O segundo desafio será manter unida a frente ampla que o elegeu. "O Partido dos Trabalhadores não é conhecido por dividir o poder. Caso os cargos mais importantes sejam ocupados com nomes como Fernando Haddad, Aloizio Mercadante e Gleisi Hoffmann, é bem provável que a base se esfacela antes da posse", alertou. Por fim, de acordo com Parente, será muito importante buscar o retorno da tranquilidade institucional, em especial na relação com o Supremo Tribunal Federal e o Congresso Nacional — "fundamental para prover a estabilidade que atrai investimentos, emprego e renda".
O cientista político Christopher Garman, diretor para as Américas do Eurasia Group, destacou que o novo governo deverá começar com um tom moderado. "Lula vai precisar governar com o centro político e a indicação dele nessa direção foi a escolha de Geraldo Alckmin como vice na chapa. Acredito que ele terá um papel importante na atuação do governo, inclusive, para escolher os integrantes da equipe", pontuou.
Turbulência
Na avaliação de Garman, o cenário econômico será mais turbulento em 2023, com desaceleração das economias global e brasileira. "O ambiente será difícil para Lula, porque a economia vai desacelerar e o cenário político será adverso.

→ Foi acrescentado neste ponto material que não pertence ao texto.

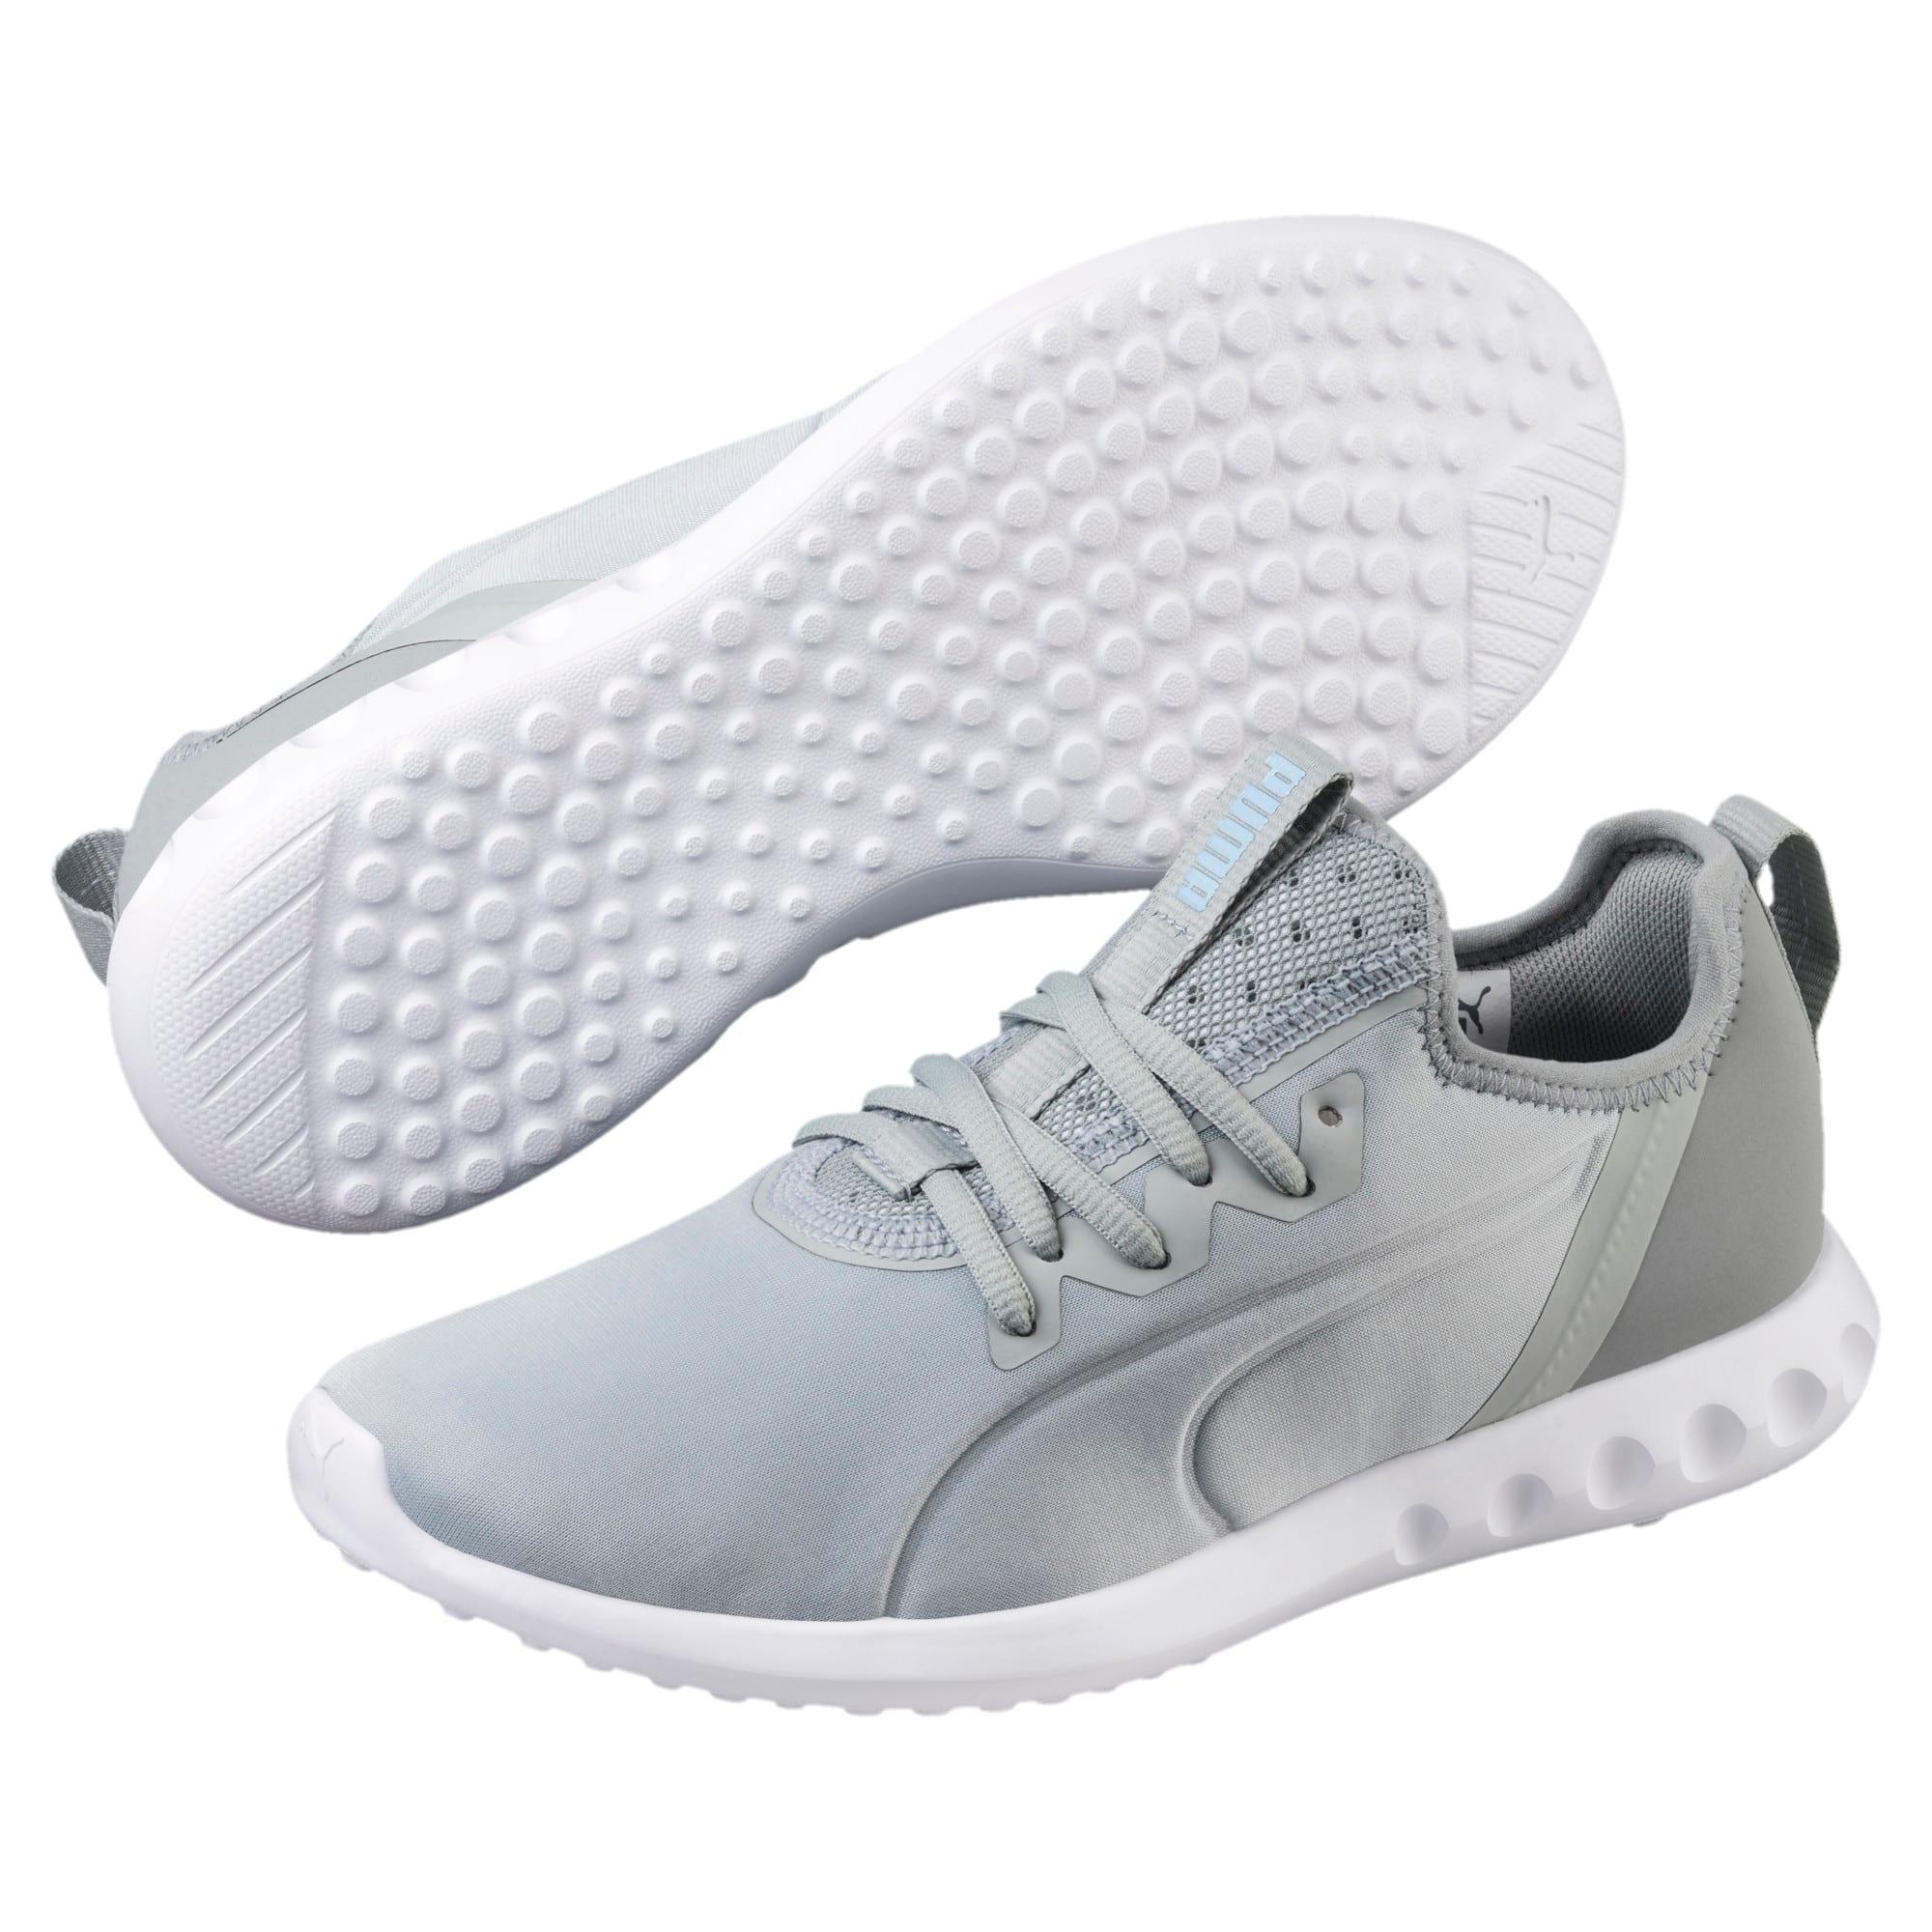 Thumbnail 2 of Carson 2 X Women's Running Shoes, Quarry-CERULEAN, medium

Vemos que a lua de mel dos presidentes de esquerda eleitos na América Latina com a opinião pública foi curta e a aprovação, agora, está baixa", salientou. Para ele, o desafio maior do novo governo será conciliar a demanda de mais gastos sem gerar uma crise de confiança. "Será preciso fazer a economia crescer, de modo a ampliar o gasto público sem aumentar a carga tributária. Lula estará em uma linha tênue no início de governo."
Ele lembrou que, entre as apostas para a equipe econômica, além de Meirelles, está o economista Persio Arida, um dos pais do Plano Real. "Não me espantaria com esses nomes, acho que isso ainda está em aberto. Aposto mais em alguém com um perfil mais político", completou.